WHAT TO DO
Return the listing exactly. Keep no pictures.

[Opening SUPPLIED INFORMATION section]

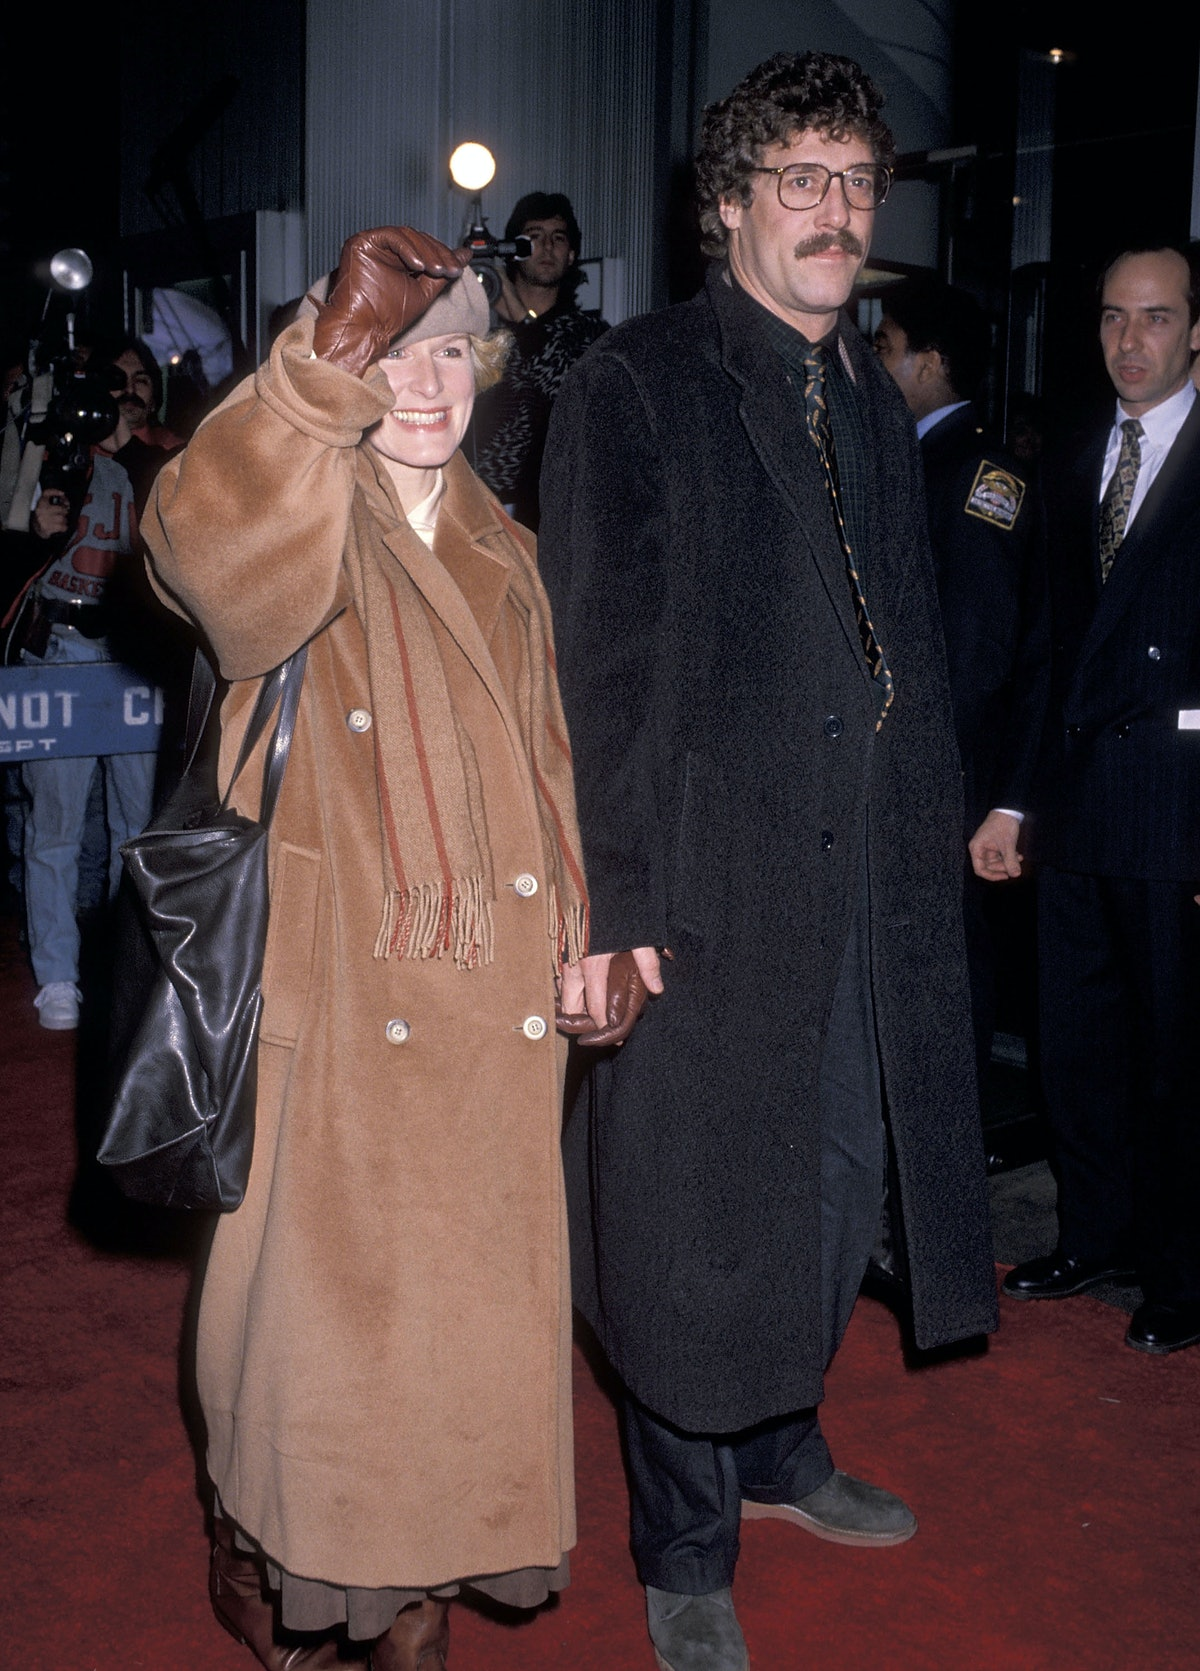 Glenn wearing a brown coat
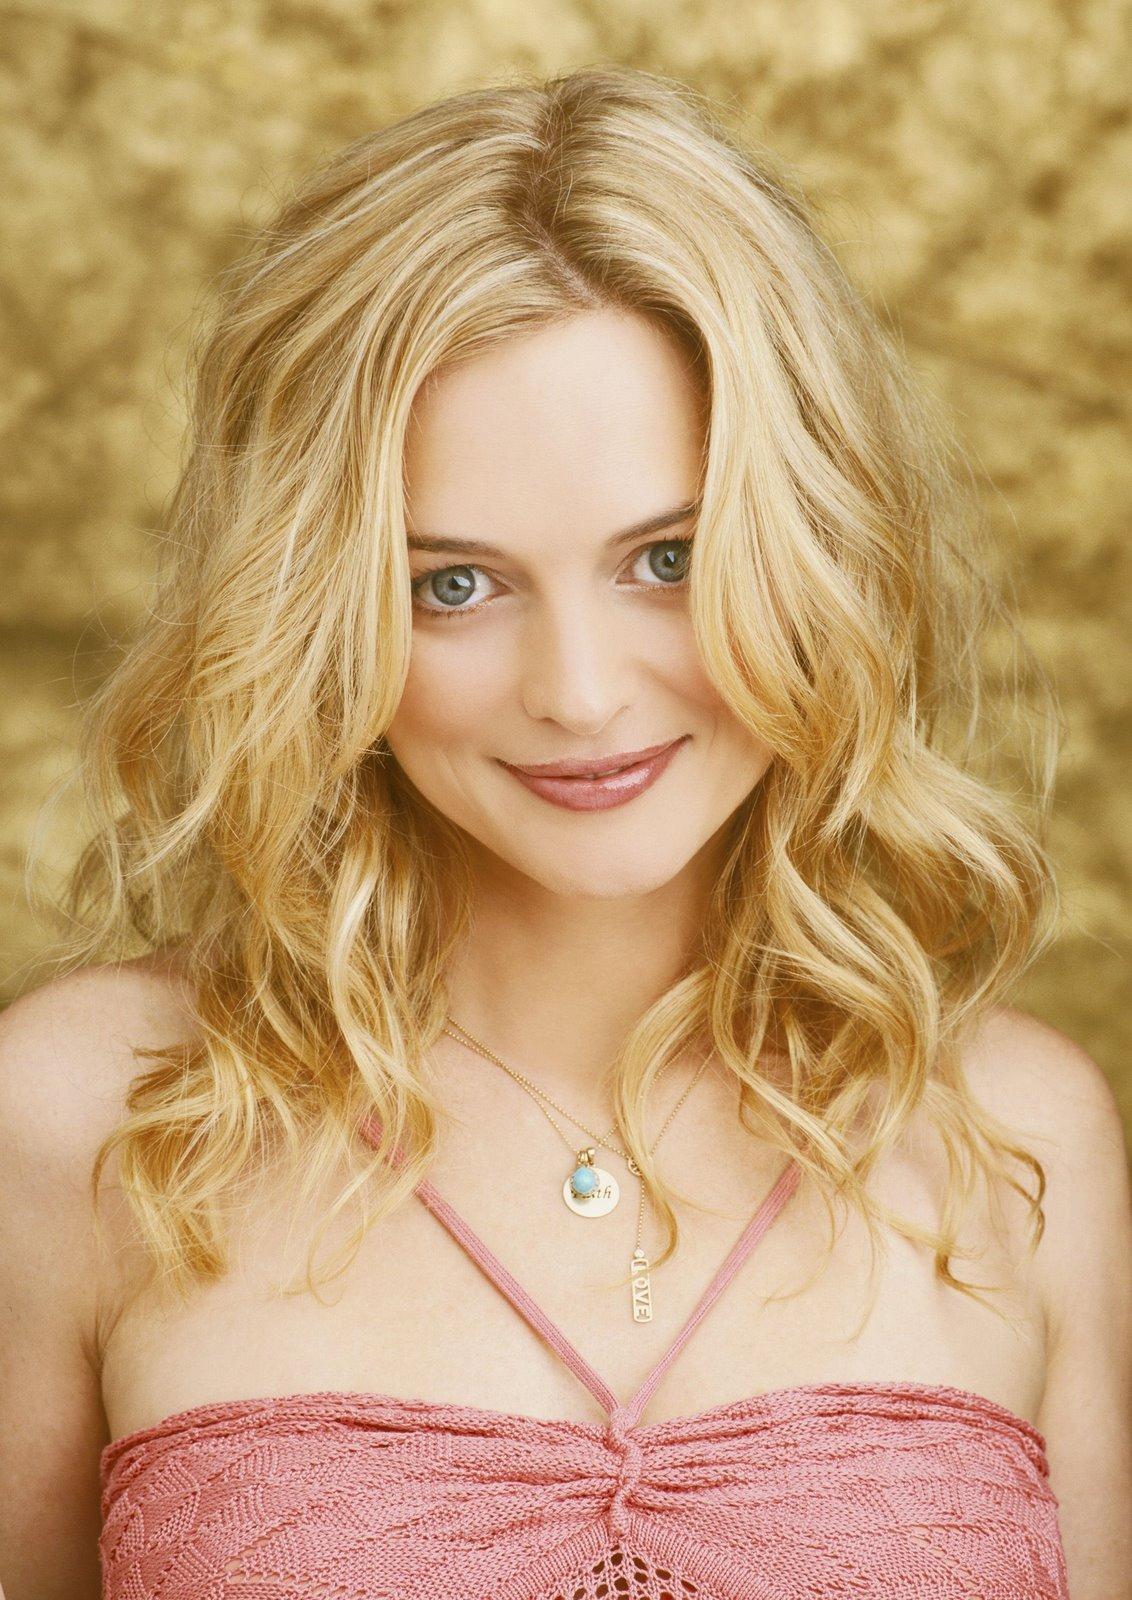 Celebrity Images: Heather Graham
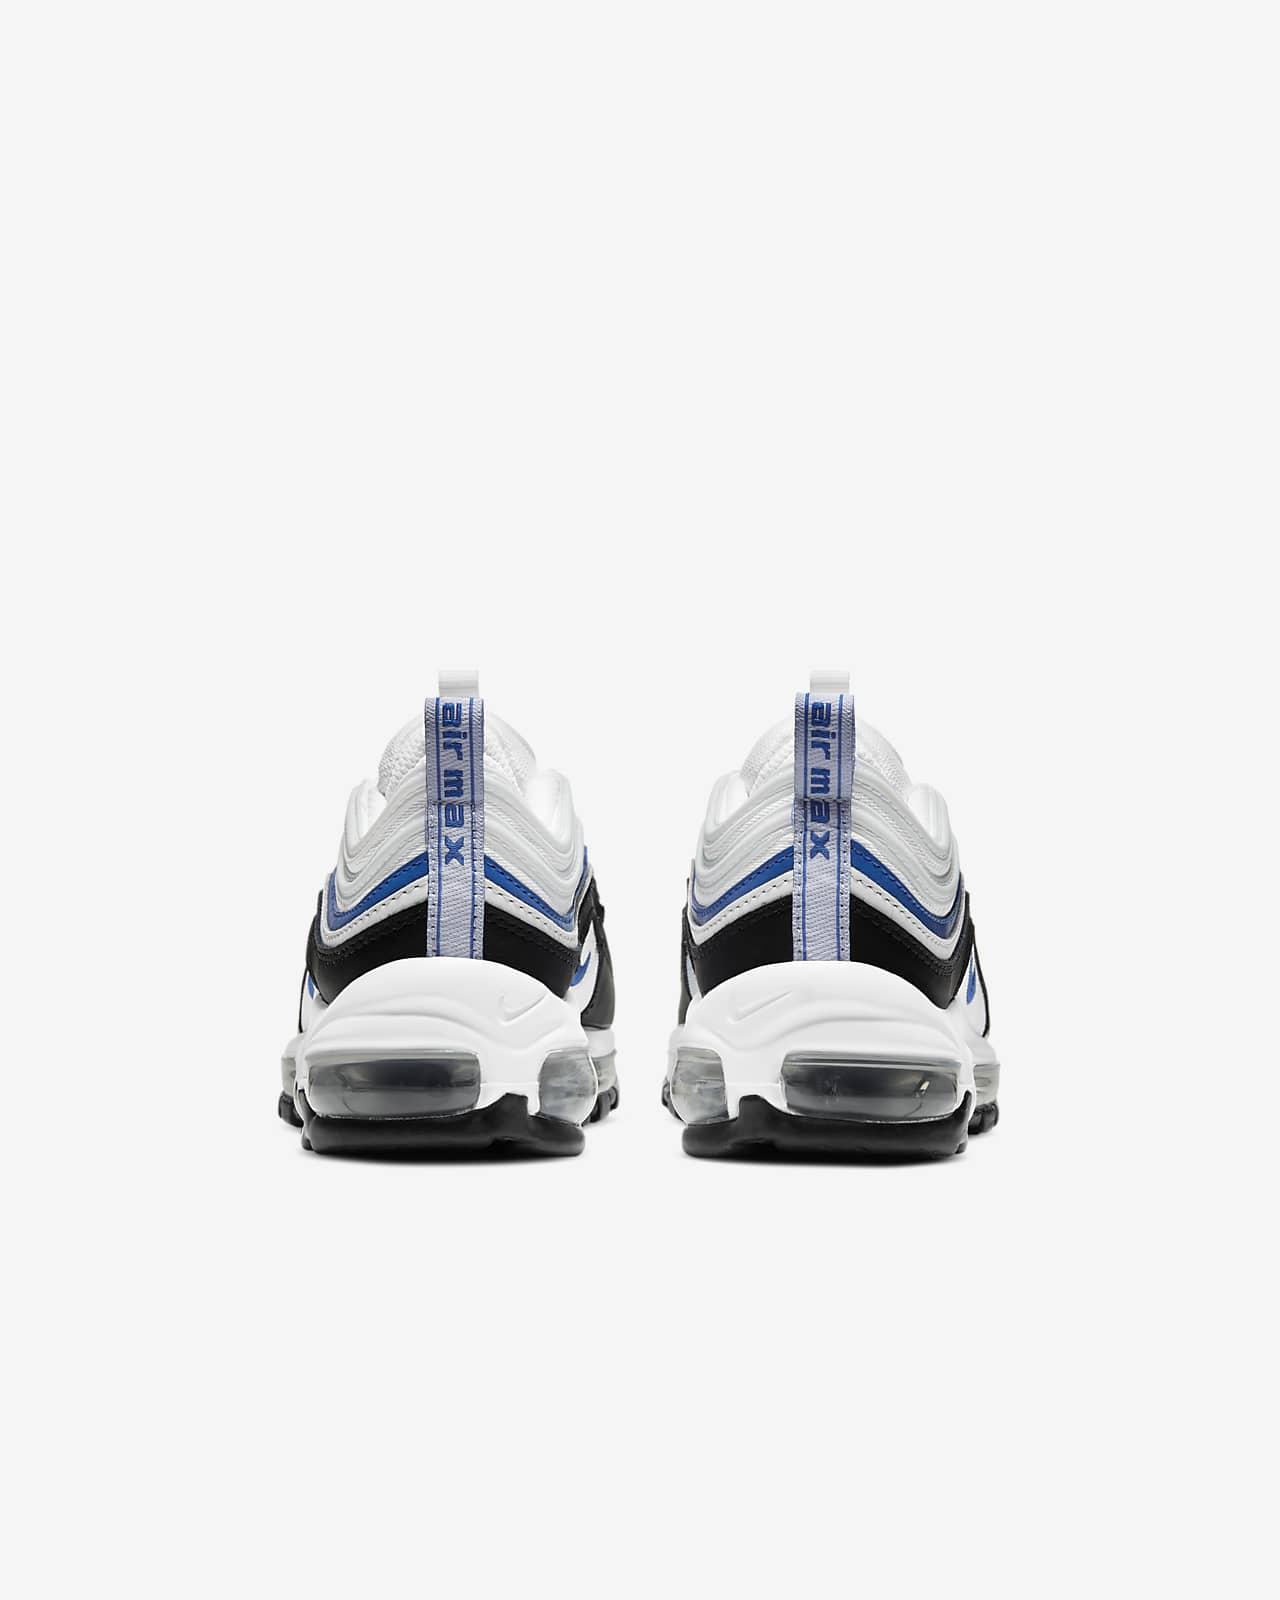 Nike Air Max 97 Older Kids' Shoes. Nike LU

[Closing SUPPLIED INFORMATION section]

RESULT FOR THIS TASK
 Glenn wearing a brown coat
 Celebrity Images: Heather Graham
 Nike Air Max 97 Older Kids' Shoes. Nike LU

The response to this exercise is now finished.